Continuation Chain & Beyond the Patent

This patent is the first in a six-patent continuation chain. The specification text — the mechanism described above — is identical across all six patents. The continuations add new claims (legal scope), not new technical mechanisms. The chain:

  1. US8661029B1 — This patent (filed 2006, granted 2014)
  2. US9235627B1 — First continuation (granted 2016)
  3. US9811566B1 — Second continuation (granted 2017)
  4. US10229166B1 — Third continuation (granted 2019)
  5. US11188544B1 — Fourth continuation (granted 2021)
  6. US11816114B1 — Latest continuation (granted 2023)

Six patents over seventeen years. The continuation chain shows Google kept legally protecting this mechanism — and while legal protection alone doesn't prove current production deployment, the DOJ testimony and API leak (covered in the companion deep dive) provide that separate evidence.

Beyond the Patent Text

This article covers the patented mechanism — what the patent describes and what it means. NavBoost in production today extends well beyond what's documented here. The 2024 API leak revealed production attribute names (goodClicks, badClicks, lastLongestClicks, crapsData) that map to this patent's mechanisms. Sworn DOJ testimony confirmed a 13-month click data window and that BERT does not replace NavBoost. For the full cross-source analysis — API leak mappings, DOJ corroboration, practitioner case studies, and production-level theory — see How NavBoost Really Works.


Citation Network

Forward Citations

Dozens of patents cite this document directly, and the broader patent family has a considerably larger citation footprint. Notable citing patents include:

Related Articles on This Site


Frequently Asked Questions

What is NavBoost and what does patent US8661029B1 describe?

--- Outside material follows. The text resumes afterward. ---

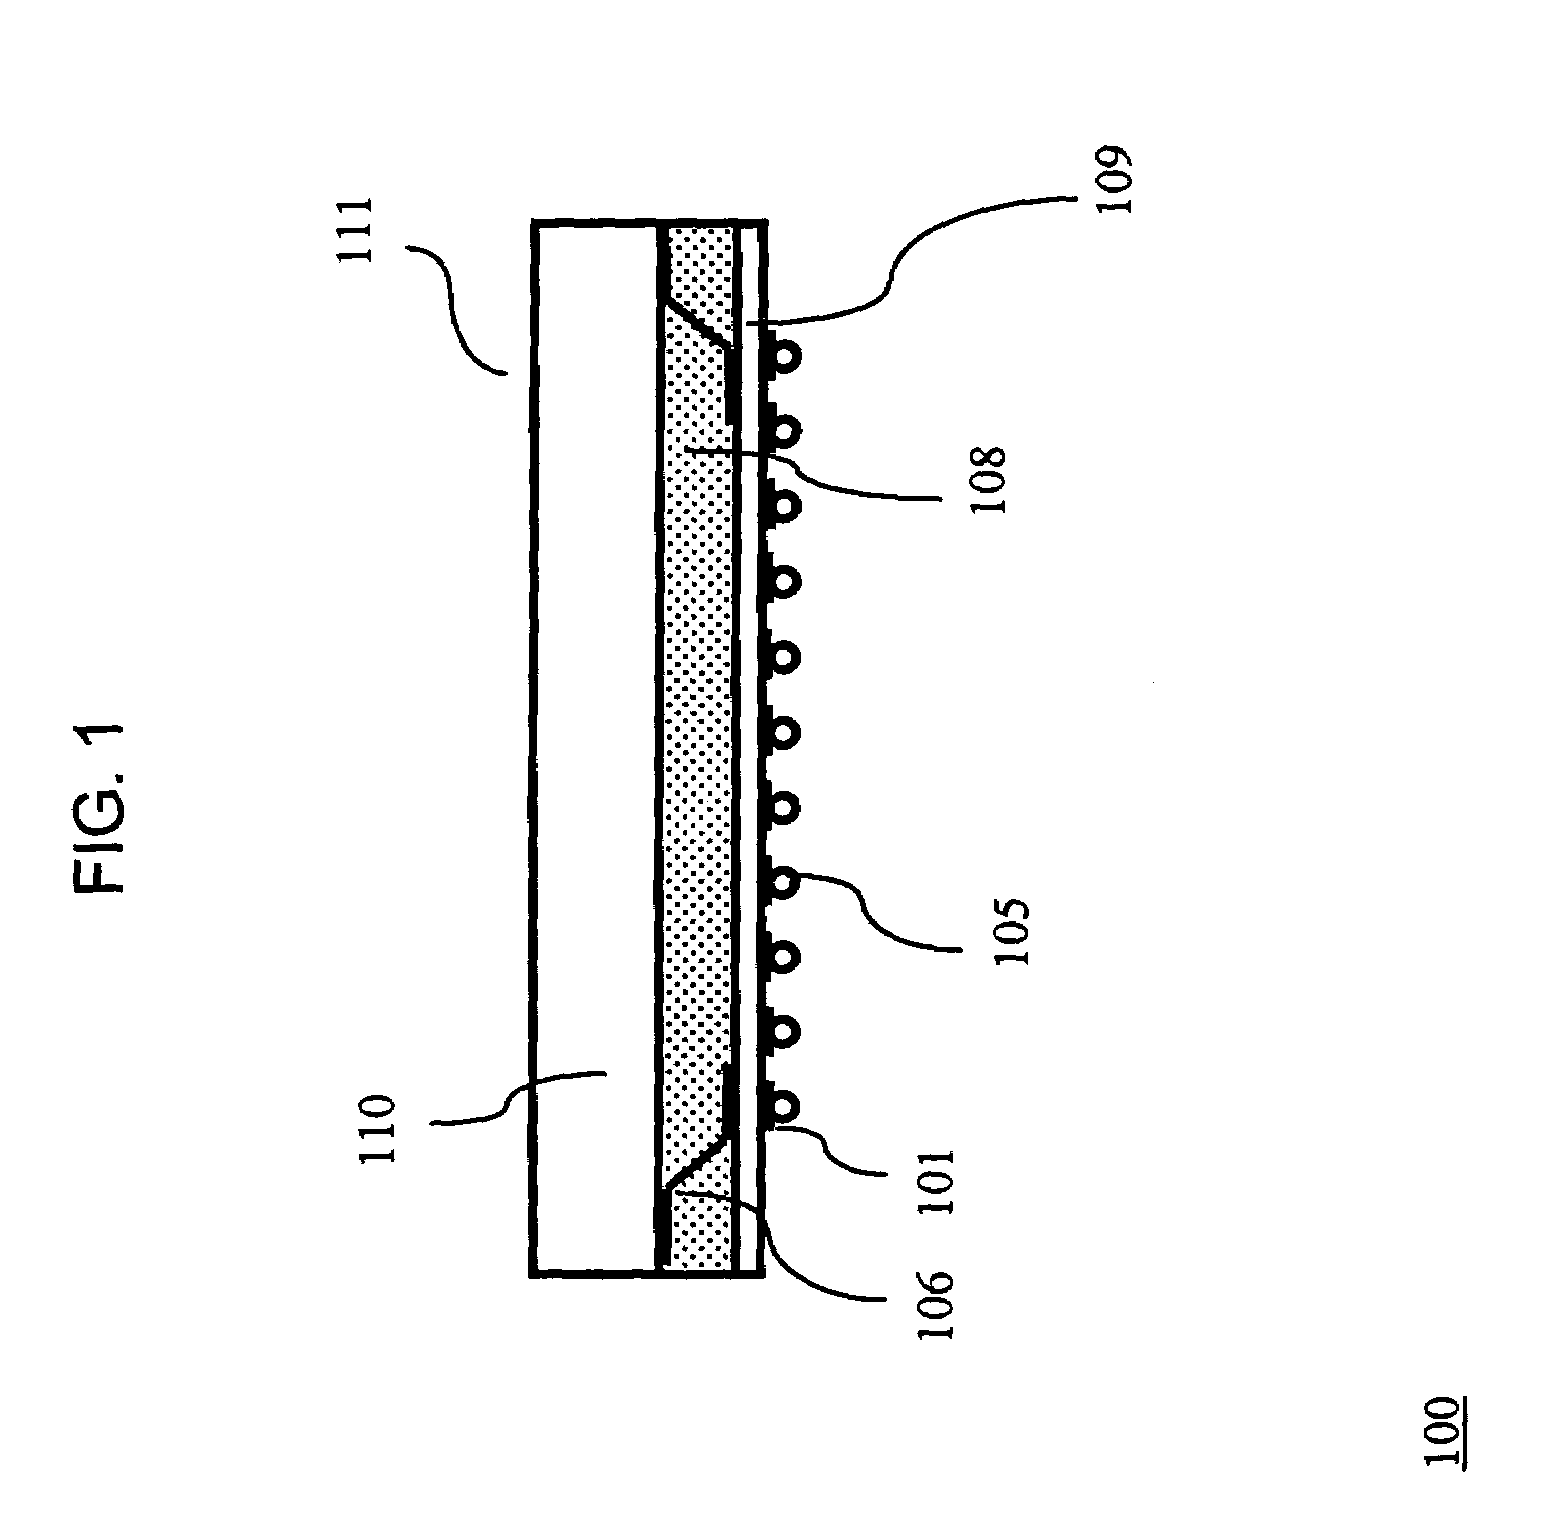 Components, methods and assemblies for multi-chip packages

NavBoost is Google's system for modifying search rankings based on user click behaviour. The patent itself titles the mechanism "Modifying search result ranking based on implicit user feedback" — the names NavBoost and CRAPS come from later DOJ testimony and the 2024 API leak. This patent describes how Google tracks clicks, measures dwell time, weights those dwell times into a relevance score (the LC ratio), and feeds that score back into the ranking engine via IRBoost.

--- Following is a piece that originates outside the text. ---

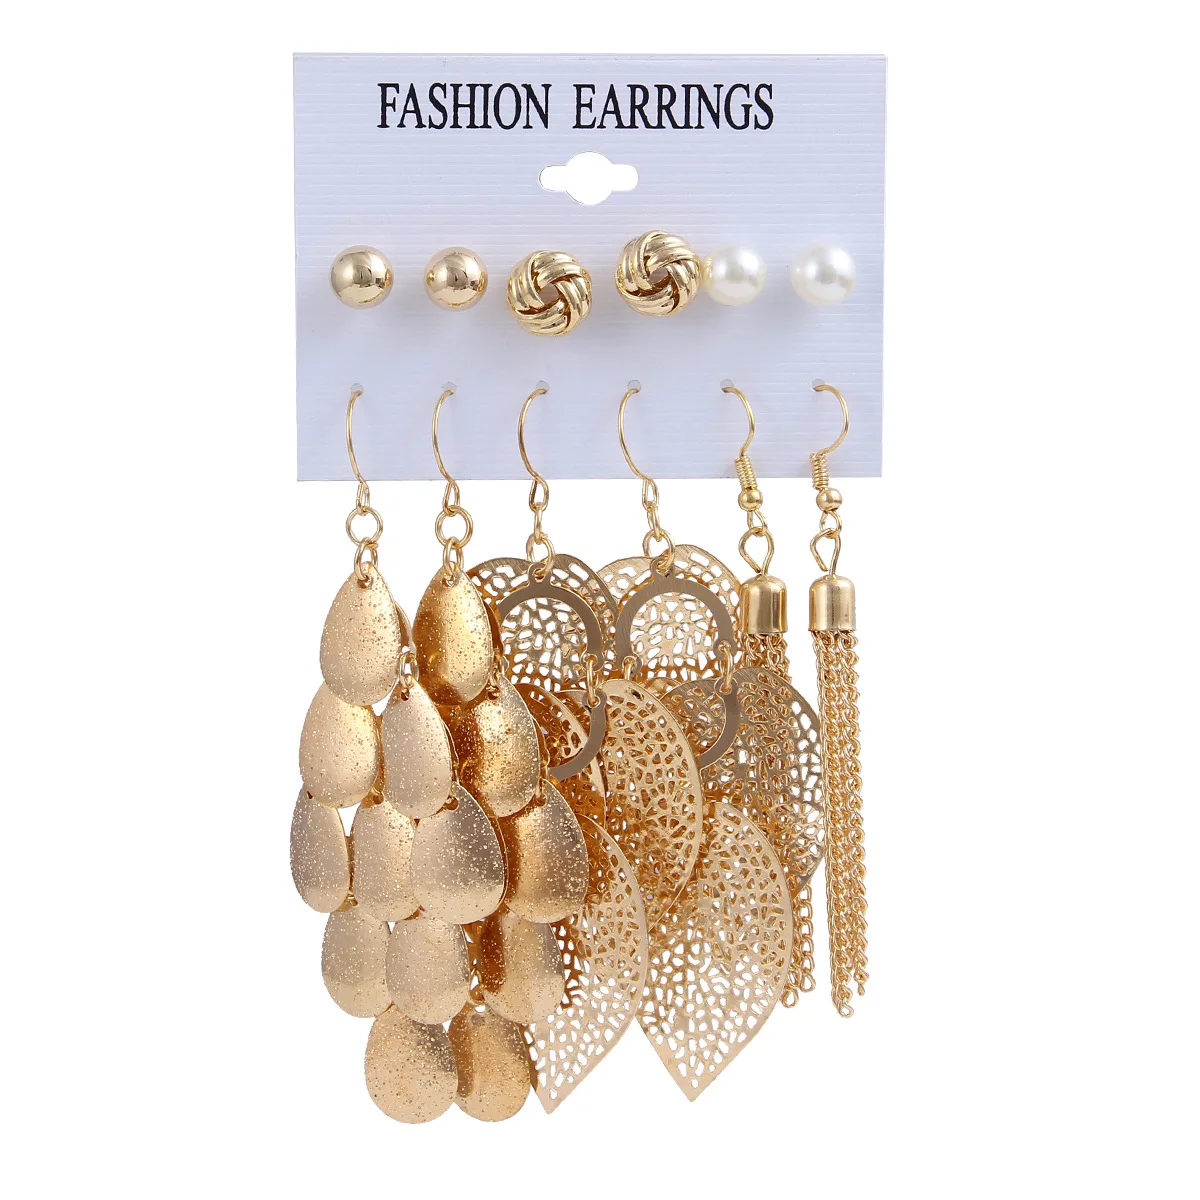 

ZHIYI Vintage 6 Pairs/Lot Gold Plated Small Stud Earrings Women Girls Exaggerated Big Leaf Long Metal Tassel Drop Earring Set, Color plated as shown

How does the LC ratio work?

The LC ratio measures the proportion of weighted long clicks to total clicks for a given query-document pair: LC = Weighted Long Clicks / (Total Clicks + Smoothing Factor). Higher ratios indicate users consistently find the document relevant. The smoothing factor prevents noise from rare queries.

What are long clicks and short clicks?

Short clicks (negative weight) indicate the user quickly bounced back. Medium clicks (moderate weight) suggest potential relevance. Long clicks (high weight) indicate sustained engagement. Last clicks (user doesn't return) signal query satisfaction. The thresholds are adjusted by query category and user type.

How many continuations does this patent have?

Five continuations spanning 2016–2023 (US9235627B1, US9811566B1, US10229166B1, US11188544B1, US11816114B1). The specification text is identical across all six patents — only the claims differ. The latest was granted November 2023.

What can I do to improve my NavBoost signals?

Write accurate titles/descriptions (reduce pogo-sticking). Create genuinely comprehensive content (increase dwell time). Ensure fast page load so users can form honest click opinions — a page that renders too slowly produces short clicks before users see the content. The anti-spam safeguards make click manipulation actively detected and filtered.

How does NavBoost relate to Google's other ranking systems?

NavBoost is a rank modifier that adjusts IR scores from other systems. It works alongside Entity Scoring, Passage Ranking, and quality systems. The IRBoost formula applies the LC ratio on top of existing scores.